### Work task
Only the lines from the one containing "X Letter Arrows" through the one containing "motosiklet-kaskosu" should be printed, exactly as they appear below, with both ends included.

### Given data
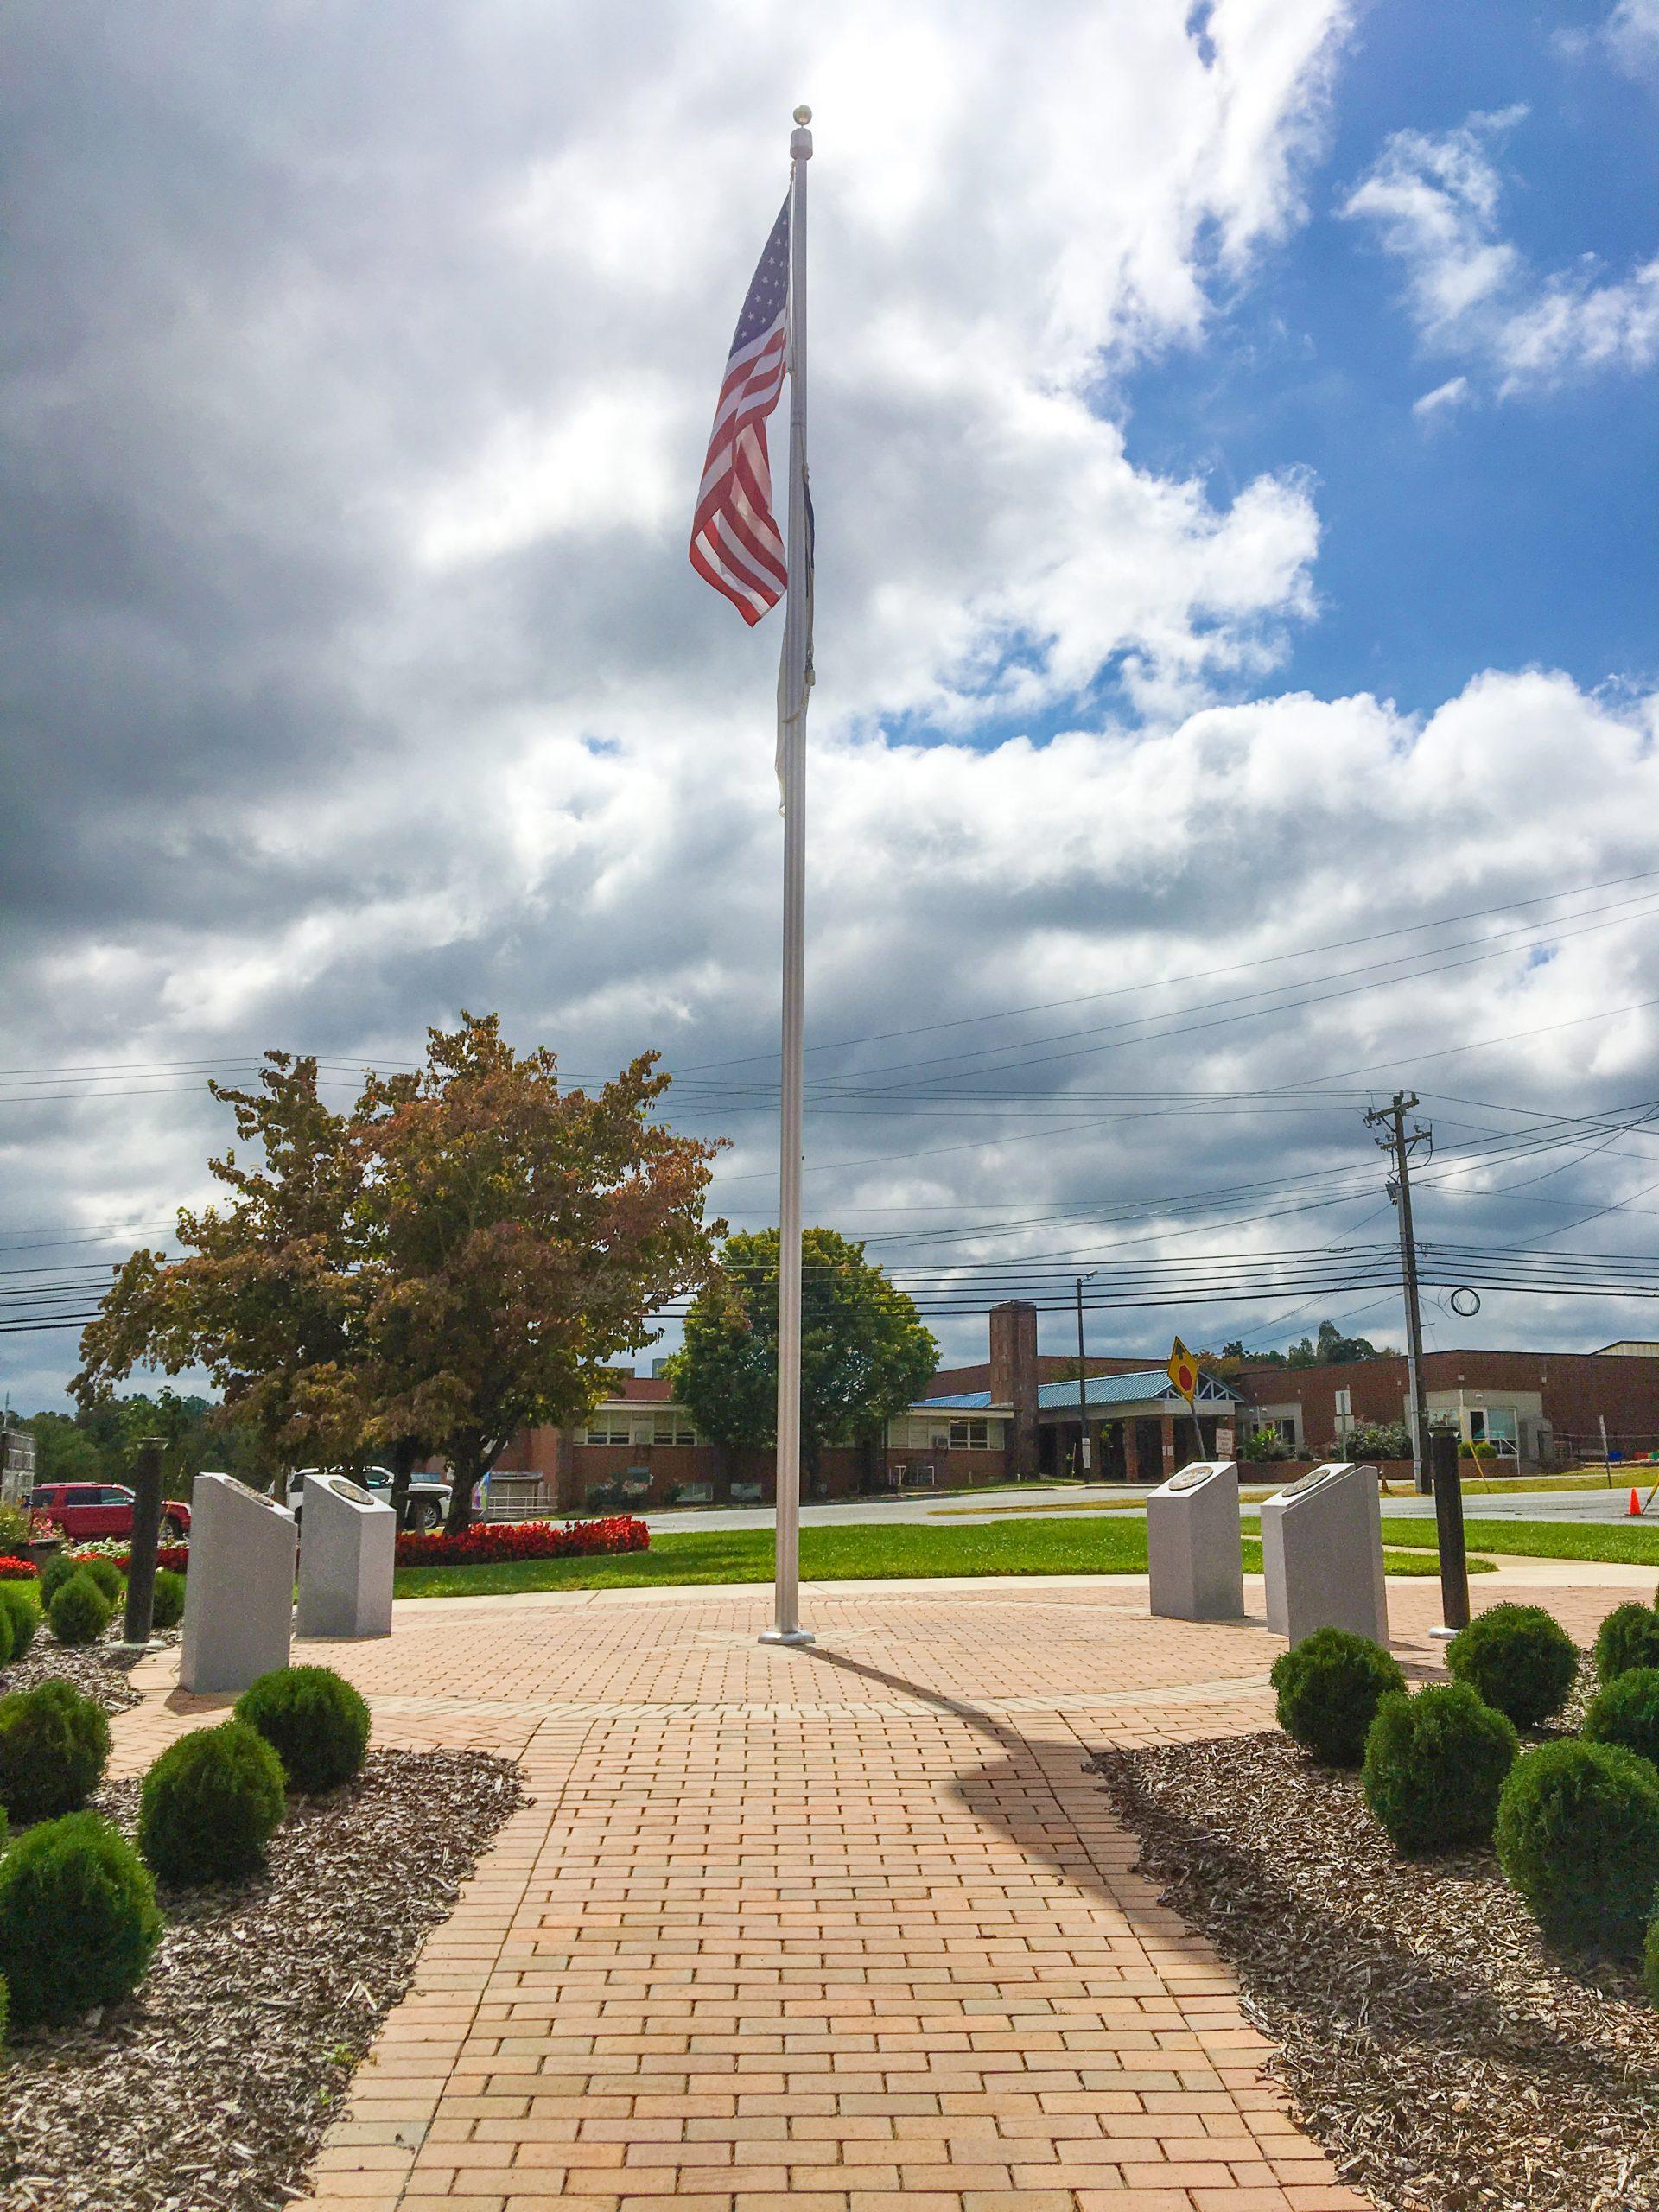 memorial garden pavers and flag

==

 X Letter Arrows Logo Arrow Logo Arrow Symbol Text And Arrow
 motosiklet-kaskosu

### Your response
 X Letter Arrows Logo Arrow Logo Arrow Symbol Text And Arrow
 motosiklet-kaskosu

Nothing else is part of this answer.